Такая денежная поддержка резко сократилась после прекращения огня в войне в Персидском заливе, поскольку Иран был вынужден заняться восстановлением собственной экономики. Кроме того, изменение отношений с Сирией уменьшило прямое влияние Ирана в Ливане. В течение ряда лет посольство Ирана в Дамаске служило центром стратегического планирования актов политического насилия в Ливане, таких как нападения на западные посольства и казармы морской пехоты США в Бейруте в 1983 году. Но отношения между Ираном и Сирией, всегда основанные на тонкой тростинке общей тревоги по поводу Ирака, с 1985 года были напряженными из-за открытого конфликта между «Хезболлой», поддерживаемой преимущественно Ираном, и «АМАЛЬ», поддерживаемой преимущественно Сирией. Еще одним свидетельством того, что Иран напрямую влияет, а не просто определяет курс ливанской политики, является позиция шейха Фадлаллаха, духовного наставника «Хезболлы». Признавая роль Ирана как образца исламской революции, он, тем не менее, признал, что исламская республика должна оставаться «целью», но в обозримом будущем ее достижение «невозможно».

 

Бахрейн:

Бахрейн является еще одним примером ощутимых усилий Ирана по созданию новых политических условий, которые привели бы к исламской революции.
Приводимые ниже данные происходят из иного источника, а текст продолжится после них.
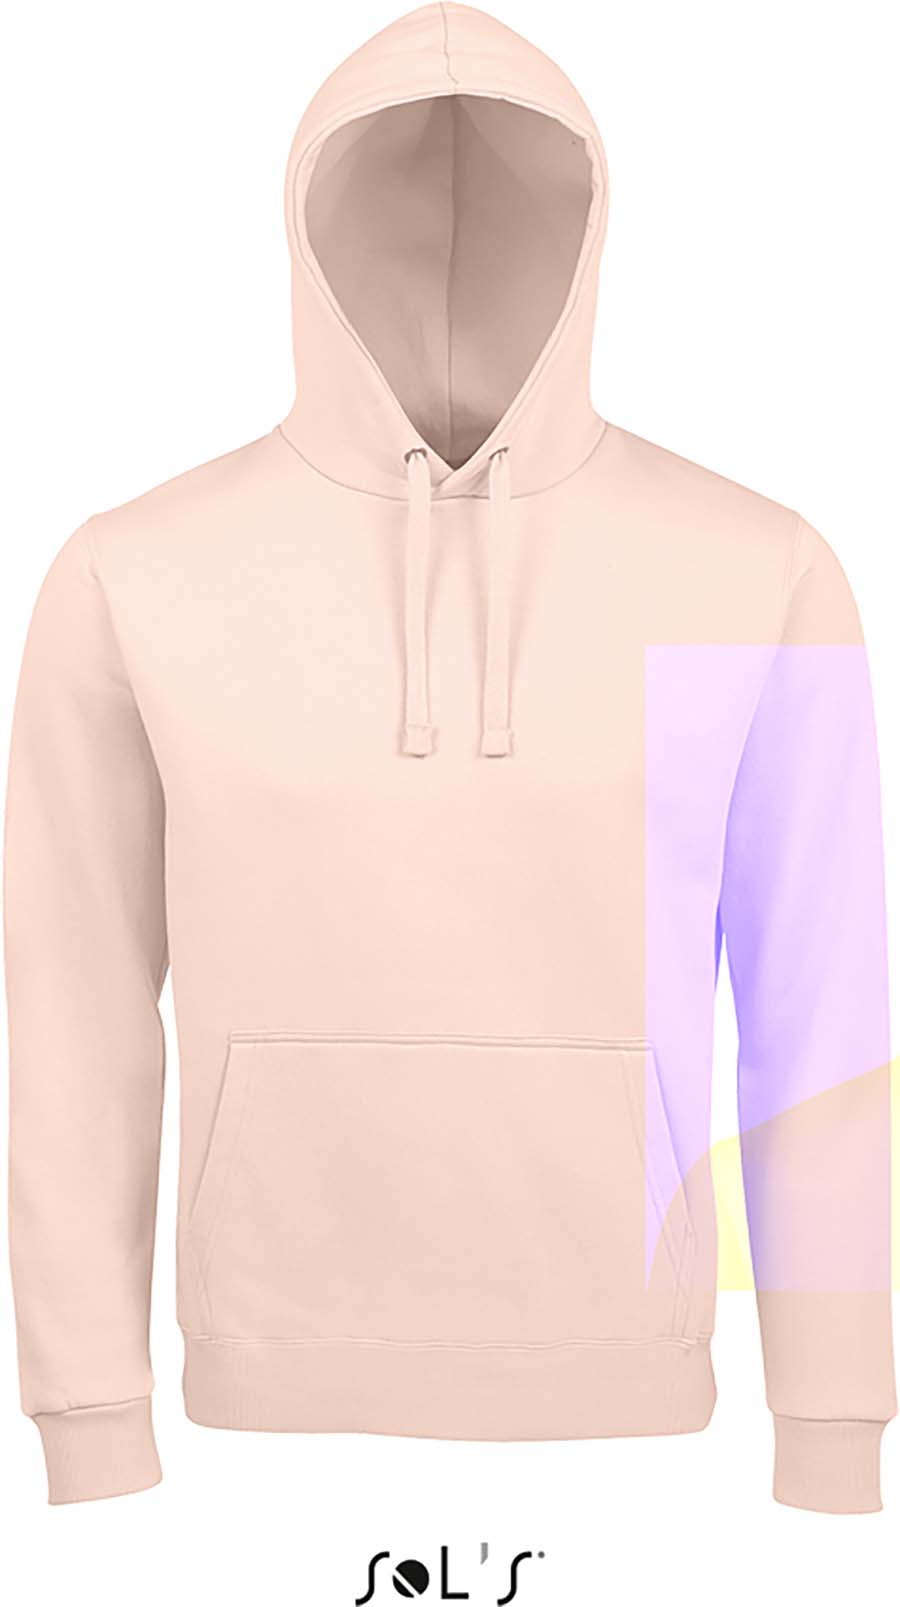 Sweat-shirt unisexe à capuche - 1-1403-8

В 1970-х годах иранский ходжат оль-эслам Хади Модарреси создал в Бахрейне сеть поддержки Хомейни, тогда еще находившегося в изгнании. Вскоре после возвращения Хомейни в Иран несколько сотен бахрейнцев-шиитов приняли участие в публичной демонстрации в поддержку Иранской революции, а в августе 1979 года произошли ожесточенные столкновения между шиитами и властями. Модарреси, который был выслан из Бахрейна, регулярно транслировал из Тегерана призывы к восстанию против правящей династии. В декабре 1981 года правительство предотвратило попытку государственного переворота и арестовало более семидесяти членов Исламского фронта освобождения Бахрейна, движения, вдохновленного Модарреси и финансируемого Ираном.

Несмотря на эту связь с Ираном, фактом остается то, что главными виновниками событий были местные силы, все заговорщики были арабами. Таким образом, мы снова видим, что влияние Ирана, даже при его непосредственном применении, оказалось не столь решающим, определенно менее решающим, чем местные факторы.

 

Иран в качестве примера: подтверждение ранее существовавших тенденций

Во второй группе исламских государств пример Иранской революции усилил существоавшую исламскую оппозицию режимам и, возможно, увеличил темпы оппозиционной деятельности без значительного ощутимого вмешательства со стороны иранского правительства.

 

Египет:

Анвар Садат пытался использовать ислам для укрепления своей политической легитимности, но вместо этого вызвал негативную реакцию мусульман. «Братья-мусульмане» и исламские студенческие организации все чаще критиковали его экономическую политику открытых дверей (инфитах), реформу мусульманского семейного законодательства, поддержку иранского шаха, а позже и пропаганду Кемп-Дэвидских соглашений. Новые группы активистов все больше возмущались тем, что Садат принялся за ислам, и вскоре режиму были брошены радикальные вызовы. Оппозиция мирному договору с Израилем неуклонно росла, и как только началась иранская революция, такие группы, как «Братья-мусульмане», отвергли одобрение договора официальным исламским истеблишментом и призвали египтян «последовать примеру Ирана и вести священную войну против Израиля».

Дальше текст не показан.